First v. Bonewitz

Blackford, J.

Bonewitz sued First in assumpsit. The declaration contains four counts.

The first count is to the following effect: For that the defendant, on, &c., executed to the plaintiff a’receipt as follows: “ May 8, 1837. Received of Joseph Bonewitz the sum of 100 dollars paid in land,” Meaning that said sum of 100 dollars was paid by the plaintiff for said defendant. (Signed,) “Israel First.” By which receipt the defendant acknowledged to have received from the plaintiff said 100 dollars; and in consideration thereof, after-wards agreed to pay said sum to the plaintiff when he should be thereunto requested. The plaintiff afterwards demanded payment of said sum, which the defendant refused to pay.

The other counts are the common ones for money lent, money paid, and for money had and received.

The defendant pleaded to the whole declaration, non assumpsit and the statute of limitations.

R. Brackenridge, Jr., for the plaintiff. J. R. Slack, for the defendant.

General demurrer to the special plea, and the demurrer sustained.

The cause was tried on the general issue, and a verdict and judgment rendered for the plaintiff.

The special plea being demurred to, we must examine the declaration; and we think the first count is insufficient. The defendant’s receipt there mentioned is, as we understand it, as follows: “ May 8, 1837. Received of Joseph Bonewitz the sum of 100 dollars paid in land.” That receipt, of itself, shows no contract implying a consideration ; nor does it, of itself, show a sufficient consideration for the alleged promise, that is, a benefit to the defendant or a detriment to the plaintiff. The count we are considering says, by way of innuendo, that the instrument means that the sum óf 100 dollars was paid by the plaintiff on land for the defendant'. We are not able, however, from the terms of the instrument, to give it that meaning. Indeed, the instrument is so ambiguous on its face, that we cannot assign to it any definite meaning whatever. The first count, therefore, contains no cause of action.
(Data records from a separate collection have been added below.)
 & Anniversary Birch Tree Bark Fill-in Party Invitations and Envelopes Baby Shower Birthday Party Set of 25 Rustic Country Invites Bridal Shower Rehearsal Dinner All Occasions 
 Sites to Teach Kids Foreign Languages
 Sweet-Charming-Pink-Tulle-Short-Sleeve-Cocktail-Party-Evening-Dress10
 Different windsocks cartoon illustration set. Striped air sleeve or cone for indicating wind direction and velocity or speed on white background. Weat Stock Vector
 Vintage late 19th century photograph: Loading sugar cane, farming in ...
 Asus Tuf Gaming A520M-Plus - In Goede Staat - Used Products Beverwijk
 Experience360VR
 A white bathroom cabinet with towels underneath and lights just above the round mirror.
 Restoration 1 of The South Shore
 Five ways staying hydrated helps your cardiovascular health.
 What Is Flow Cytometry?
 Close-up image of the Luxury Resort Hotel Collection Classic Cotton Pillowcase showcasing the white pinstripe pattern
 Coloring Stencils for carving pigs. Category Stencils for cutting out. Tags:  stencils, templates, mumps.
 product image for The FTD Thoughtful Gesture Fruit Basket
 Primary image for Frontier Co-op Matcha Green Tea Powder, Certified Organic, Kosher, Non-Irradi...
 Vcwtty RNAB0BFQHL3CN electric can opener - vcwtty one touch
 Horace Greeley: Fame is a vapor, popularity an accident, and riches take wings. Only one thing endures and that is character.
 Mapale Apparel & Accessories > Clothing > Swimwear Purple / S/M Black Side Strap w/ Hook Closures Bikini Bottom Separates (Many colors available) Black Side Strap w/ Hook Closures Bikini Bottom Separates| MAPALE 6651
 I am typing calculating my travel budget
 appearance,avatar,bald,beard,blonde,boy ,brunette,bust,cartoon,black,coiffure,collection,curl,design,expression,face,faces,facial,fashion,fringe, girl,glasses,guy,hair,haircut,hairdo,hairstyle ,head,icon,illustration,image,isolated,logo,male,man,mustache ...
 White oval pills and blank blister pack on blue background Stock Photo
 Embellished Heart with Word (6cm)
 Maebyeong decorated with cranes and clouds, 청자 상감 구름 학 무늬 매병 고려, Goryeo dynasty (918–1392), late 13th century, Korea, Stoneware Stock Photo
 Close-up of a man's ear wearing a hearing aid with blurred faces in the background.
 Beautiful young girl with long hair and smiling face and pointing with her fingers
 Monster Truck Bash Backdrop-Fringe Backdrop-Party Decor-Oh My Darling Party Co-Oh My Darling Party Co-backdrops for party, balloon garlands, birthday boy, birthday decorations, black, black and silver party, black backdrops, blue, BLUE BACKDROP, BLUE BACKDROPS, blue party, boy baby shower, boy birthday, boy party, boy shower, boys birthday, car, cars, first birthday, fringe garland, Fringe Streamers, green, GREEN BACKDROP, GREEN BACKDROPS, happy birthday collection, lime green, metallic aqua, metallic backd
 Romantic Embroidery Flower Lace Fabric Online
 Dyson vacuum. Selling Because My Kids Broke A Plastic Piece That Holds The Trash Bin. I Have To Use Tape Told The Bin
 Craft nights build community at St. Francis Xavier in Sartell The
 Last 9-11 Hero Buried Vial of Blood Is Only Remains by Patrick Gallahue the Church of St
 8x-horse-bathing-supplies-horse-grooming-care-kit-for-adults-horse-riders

There is no objection to the other counts; and to those counts the special plea is a good bar. It is of no consequence whether that plea is valid or not in regard to the first count, for a bad plea is sufficient for a bad count.

The special plea being a good defense to all the legal causes of action described in the declaration, the demurrer to it should have been overruled.

The judgment for the plaintiff is consequently erroneous, and must be reversed.

Per Curiam.

The judgment is reversed, and the verdict set aside with costs. Cause remanded, with leave to the plaintiff to amend the first count.

/. S. Buckles and J. Brownlee, for the plaintiff. J. Smith, for the defendant.